Perhaps most intriguingly, pursuing these personal projects allows you to break free from your personality traits, which can itself be rewarding: research shows that introverts like Little enjoy acting extraverted more than they think they will, for instance. Even so, Little warns that this can take a toll over time and that it is important to give yourself restorative niches — whether that’s an introvert’s moment alone after a public talk or an extravert’s party time after a day of quiet study.

Reframe your plans

Armed with this kind of knowledge, you can look back at your notes and perform a kind of personal project appraisal. Are there any projects that you’ve marked as lacking progress, or that you’ve identified as highly stressful and feeling impossible to achieve? If so, and if these projects have little meaning or importance, then perhaps you should consider dropping them.

Your projects are likely to be more sustainable and joyful if you are pursuing them for your own reasons

Your projects are likely to be more sustainable and joyful if you are pursuing them for your own reasons

Alternatively, if the stalled projects are necessary and important, you may have identified a key source of unhappiness in your life. When projects get “stuck” in this way, Little recommends various strategies for making progress, including reframing the project to make it more attainable. For example, you could reframe the goal of “Try to write a book” to become “Try to write for half an hour each day”. As an aside, other research has shown that something as simple as the way we phrase our personal goals can influence our chances of success: direct phrasing “Write for half an hour each day” is often more successful than more tentative aspirations such as “Try to write for half an hour each day”.

One strategy for unblocking projects where you’re making no progress is called ‘concept matching’

Another strategy Little recommends for blocked projects is to use “concept matching”, which involves looking for metaphorical parallels between the stalled project and a completely different domain for which you have expertise. For example, if your writing project has hit the buffers and you love football, you could create two lists, one describing aspects of the writing project, the other describing common elements involved in success in football. Then the trick is to look for parallels, which may unlock creative solutions to your stuck project. For instance, what would be your writing project equivalent to home support or pre-season training? Perhaps such questions could get you thinking about your working environment or courses you need to go on, potentially rejuvenating your project.
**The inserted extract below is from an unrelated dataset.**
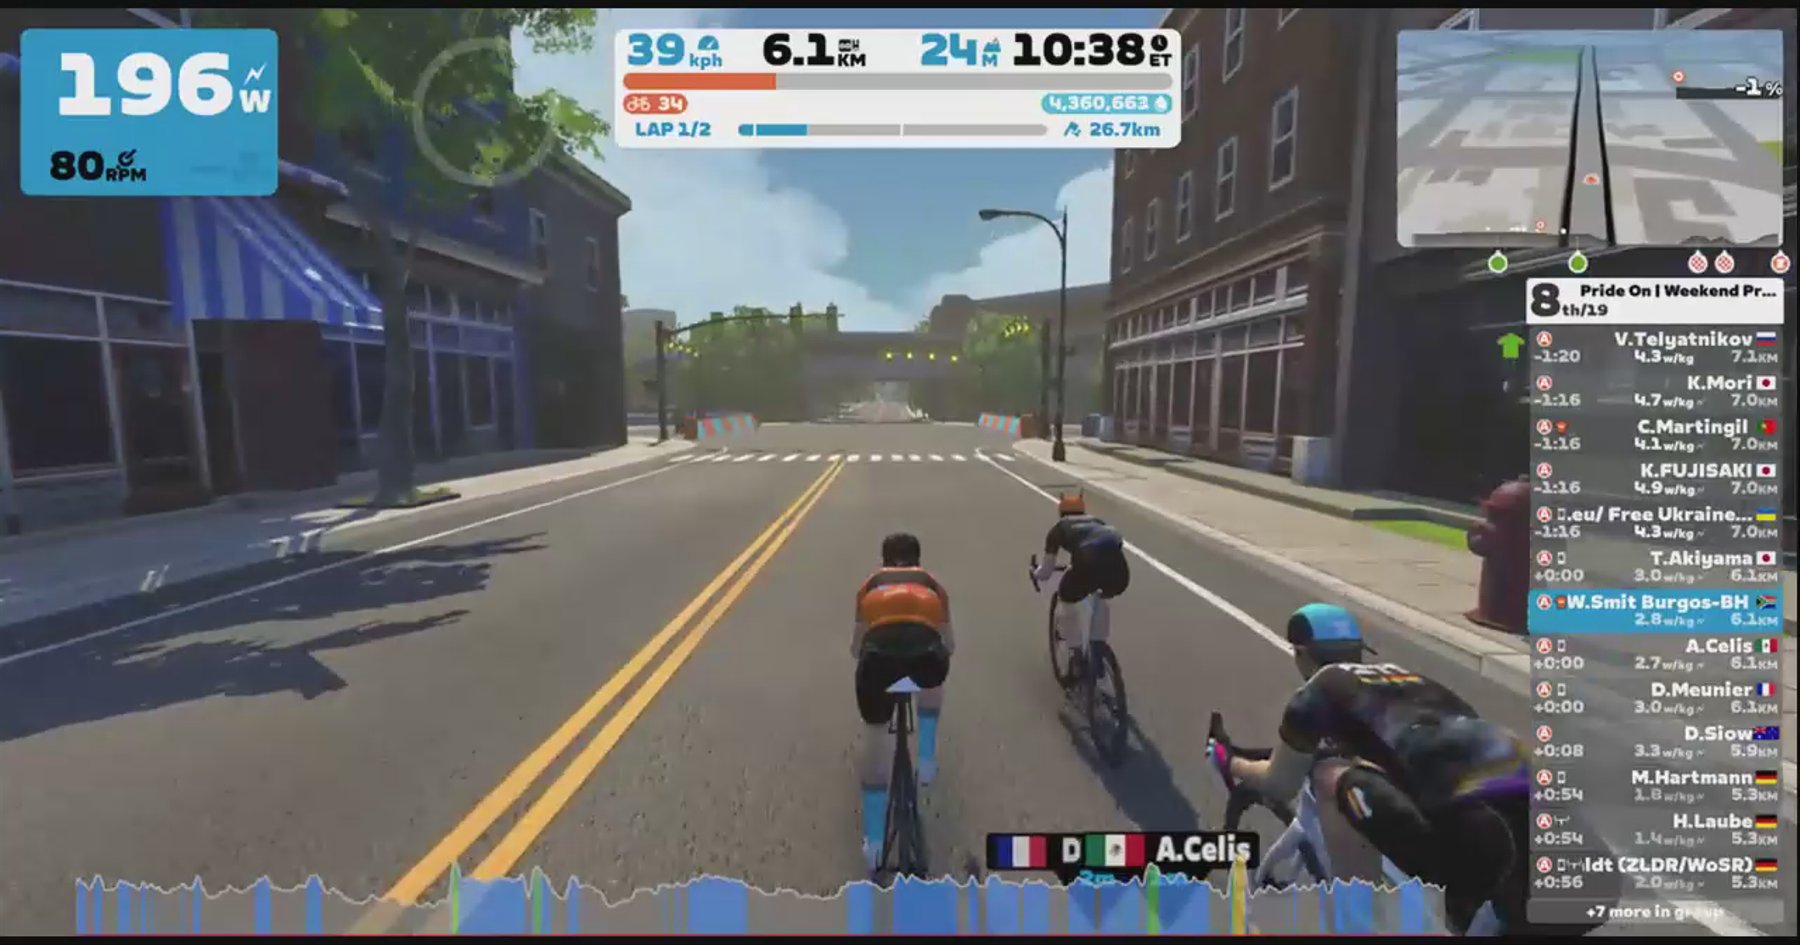 Zwift - Group Ride: Pride On | Weekend Pride Party! 🥳 (A) on 2015 Worlds Course in Richmond

All of which paints an optimistic picture of our capacity for change. For Little, three forces govern our lives: our biogenic natures (whether we are physiologically extravert, introvert or whatever), our sociogenic natures (how we are raised, the culture we live in and the company we keep), and finally, our idiogenic or “third natures”, which are comprised of our personal projects and the free traits we express in pursuit of them.

Choose those projects carefully, and you may surprise yourself with what you can achieve. “Whereas contexts embed us, projects pull us forward into new possibilities,” he says. “And one of those possibilities is a better life and a happier life.”